TASK REQUIREMENTS:
Set down, please, exactly the lines below that run from the line with "Vier Voeters redt" to the line with "Nomad Bee (Nomada", both lines included.

DATA:
※ ※ ※

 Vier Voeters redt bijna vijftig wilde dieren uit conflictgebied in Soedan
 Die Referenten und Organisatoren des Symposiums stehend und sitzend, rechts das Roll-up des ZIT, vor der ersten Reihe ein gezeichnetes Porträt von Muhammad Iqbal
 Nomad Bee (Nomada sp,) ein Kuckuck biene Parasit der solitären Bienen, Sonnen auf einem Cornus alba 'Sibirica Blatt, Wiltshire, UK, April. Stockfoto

※ ※ ※

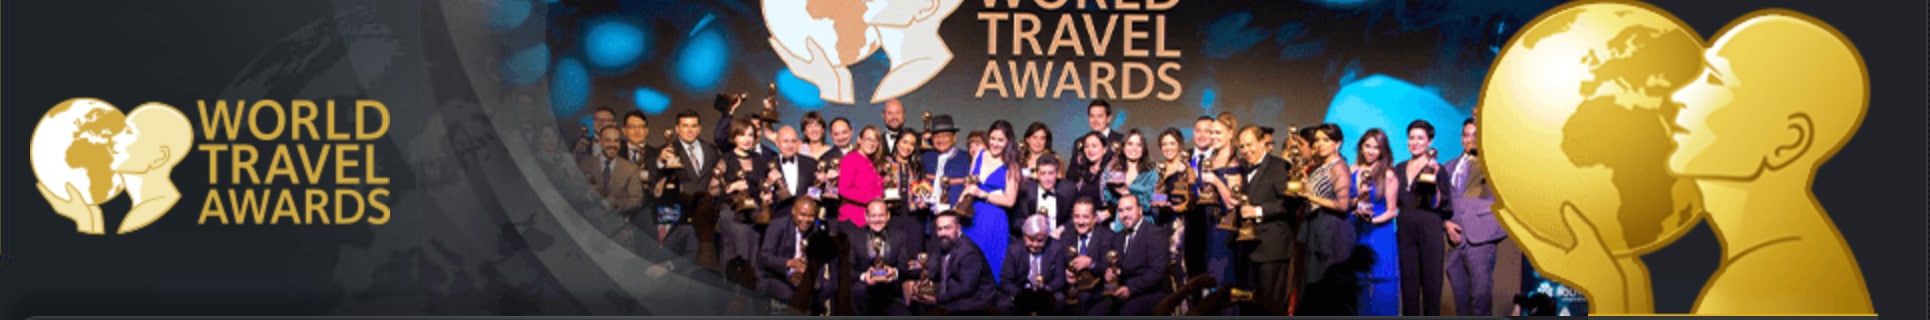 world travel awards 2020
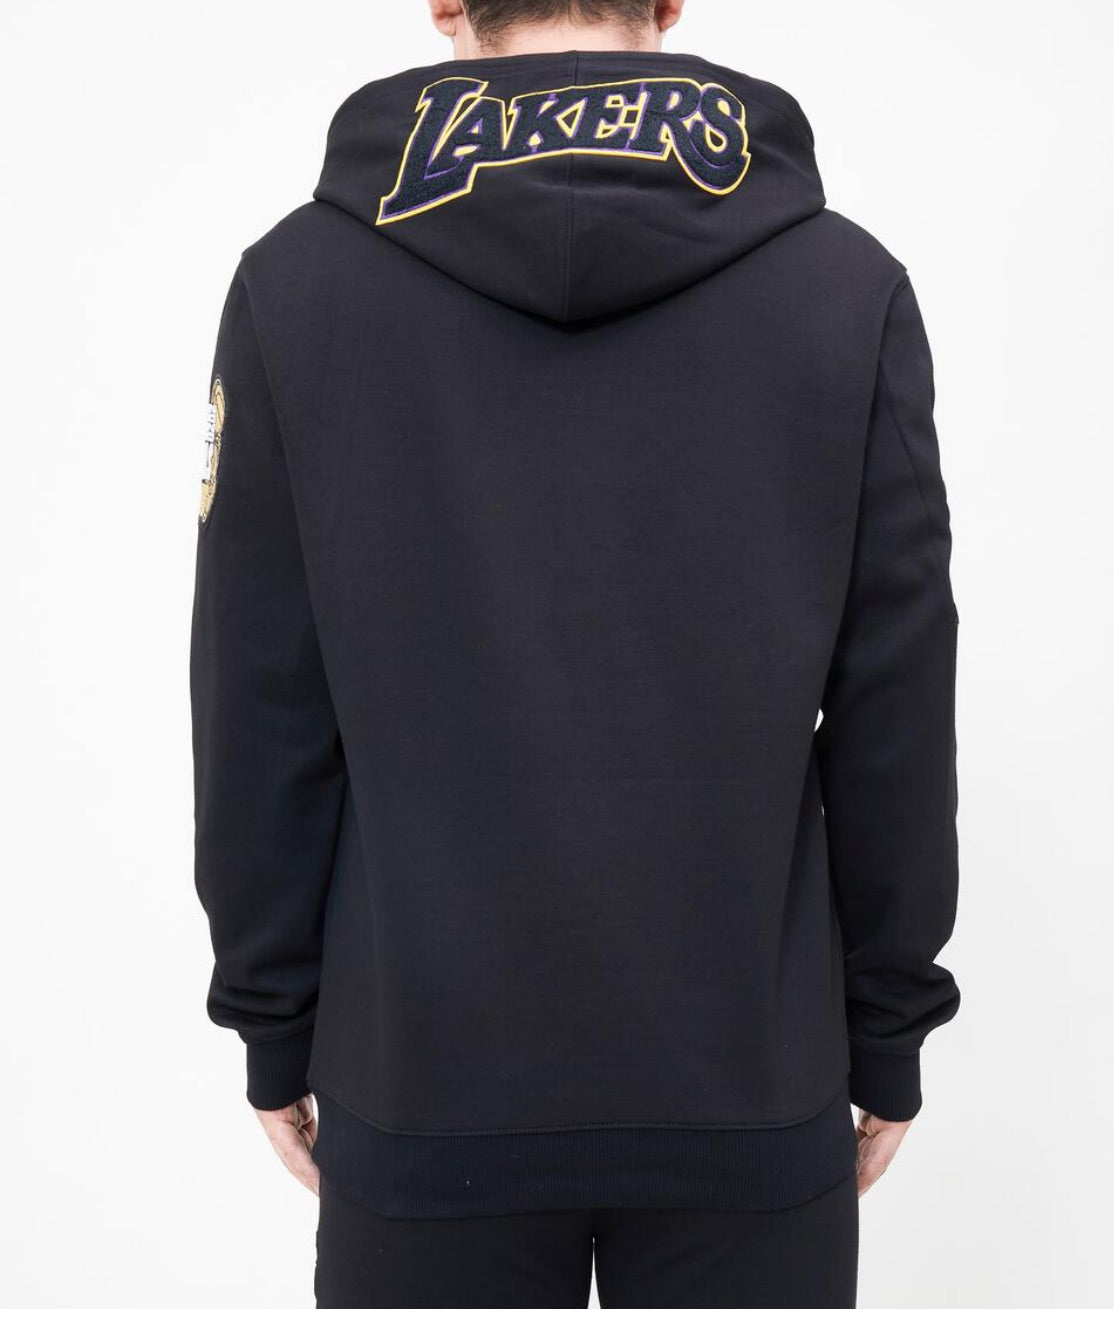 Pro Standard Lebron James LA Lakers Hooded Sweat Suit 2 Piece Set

※ ※ ※

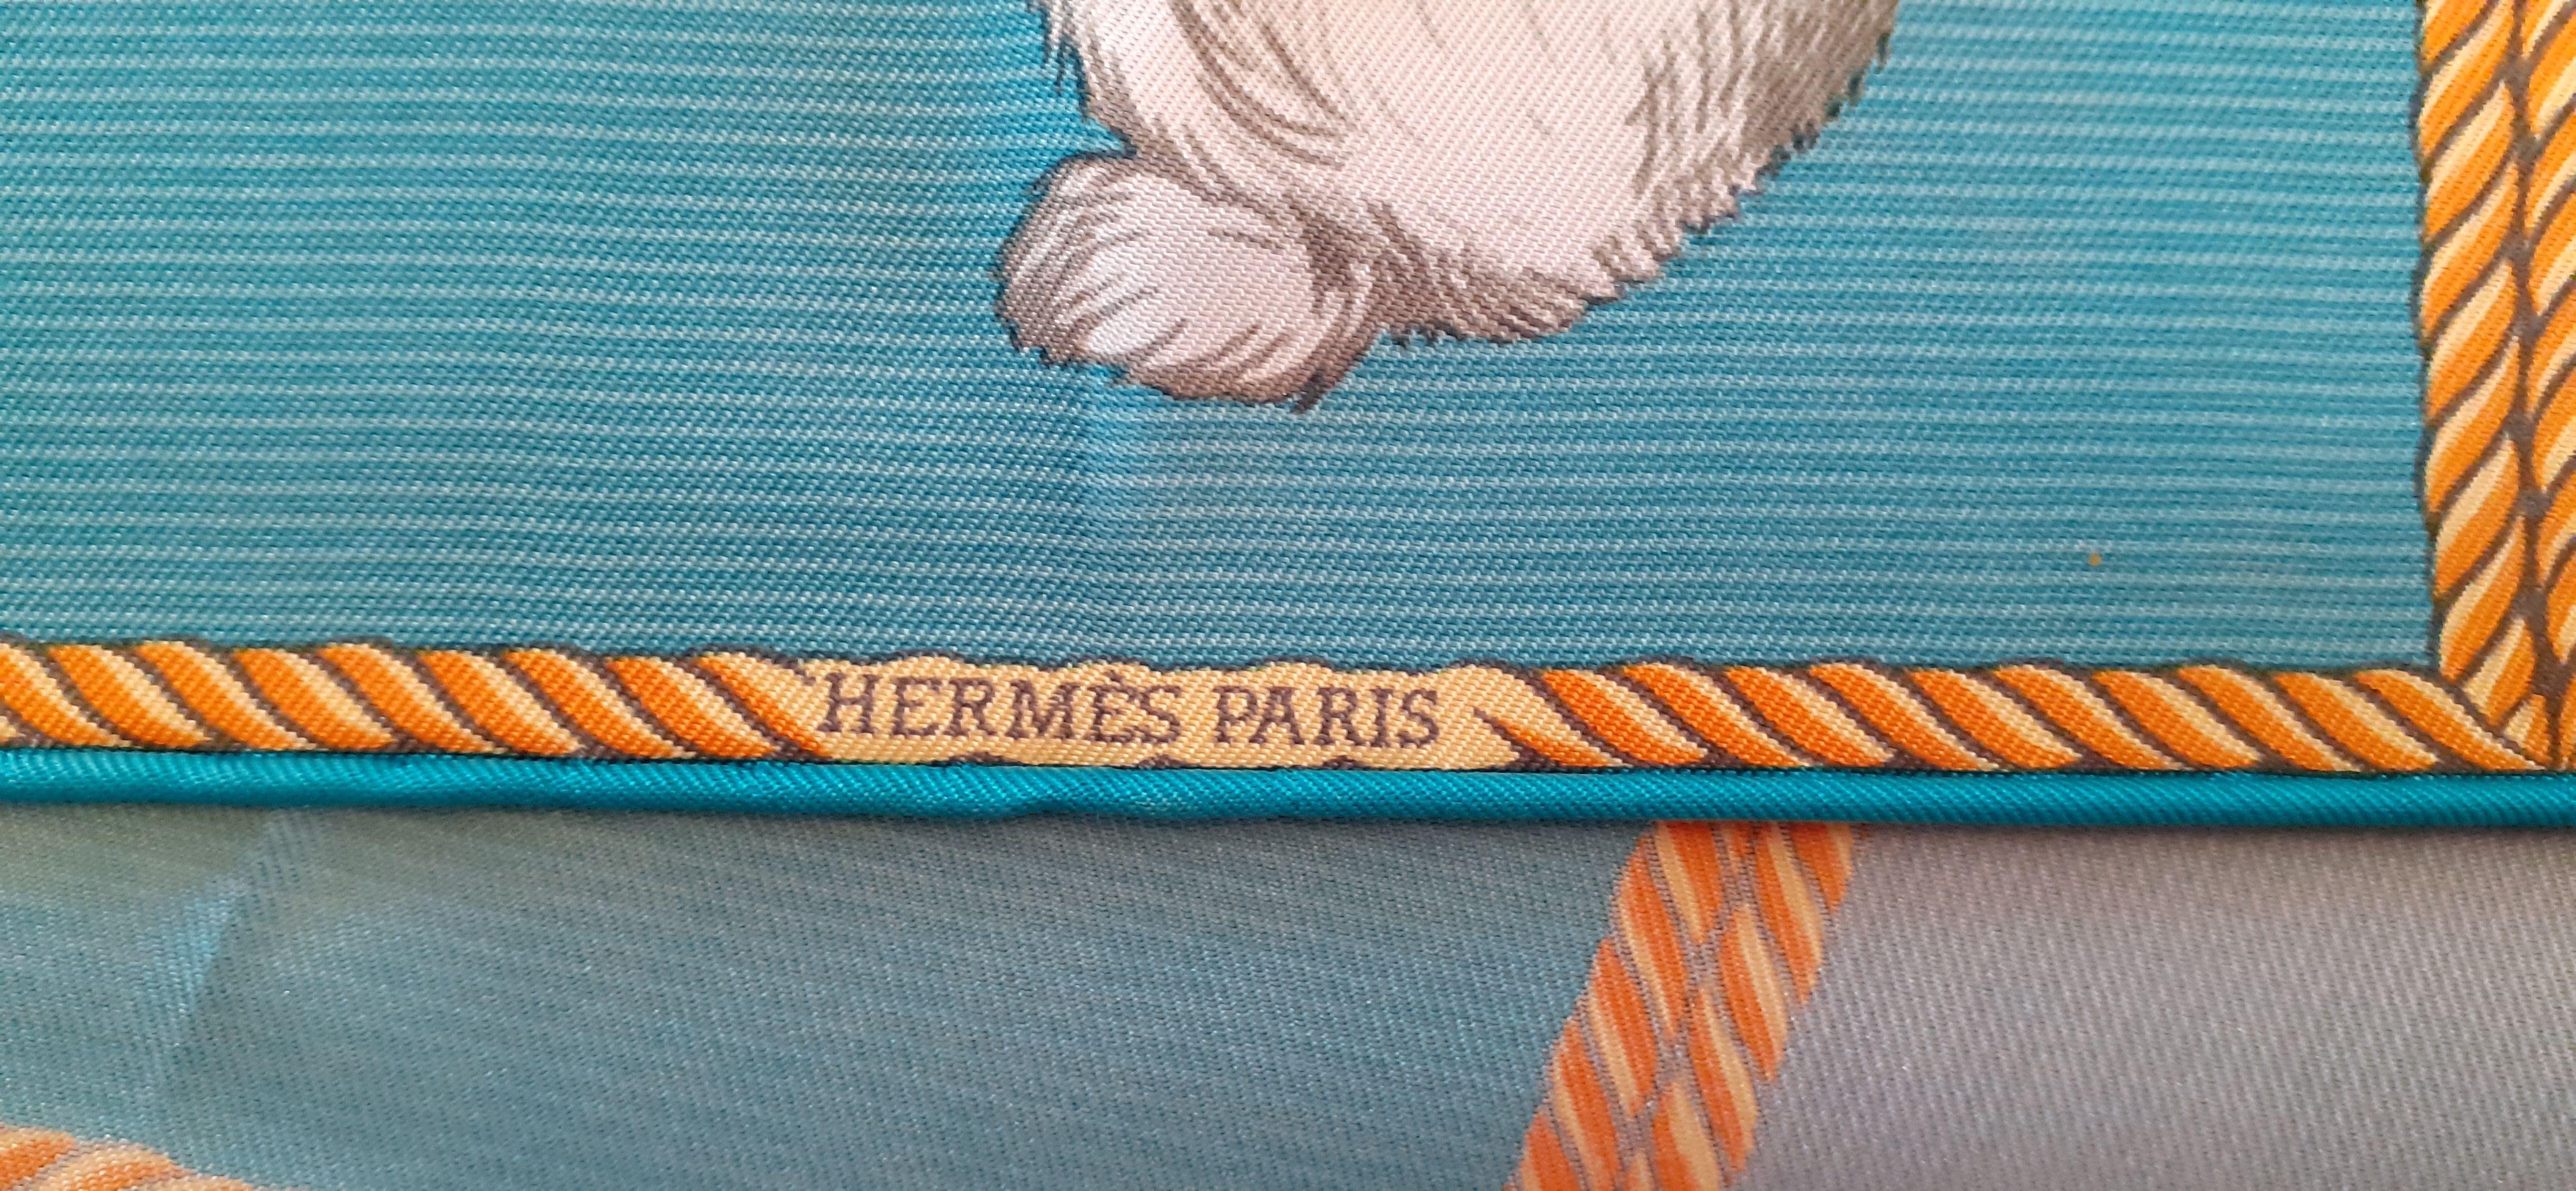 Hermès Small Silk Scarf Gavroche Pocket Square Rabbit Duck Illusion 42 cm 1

※ ※ ※

RESPONSE:
 Vier Voeters redt bijna vijftig wilde dieren uit conflictgebied in Soedan
 Die Referenten und Organisatoren des Symposiums stehend und sitzend, rechts das Roll-up des ZIT, vor der ersten Reihe ein gezeichnetes Porträt von Muhammad Iqbal
 Nomad Bee (Nomada sp,) ein Kuckuck biene Parasit der solitären Bienen, Sonnen auf einem Cornus alba 'Sibirica Blatt, Wiltshire, UK, April. Stockfoto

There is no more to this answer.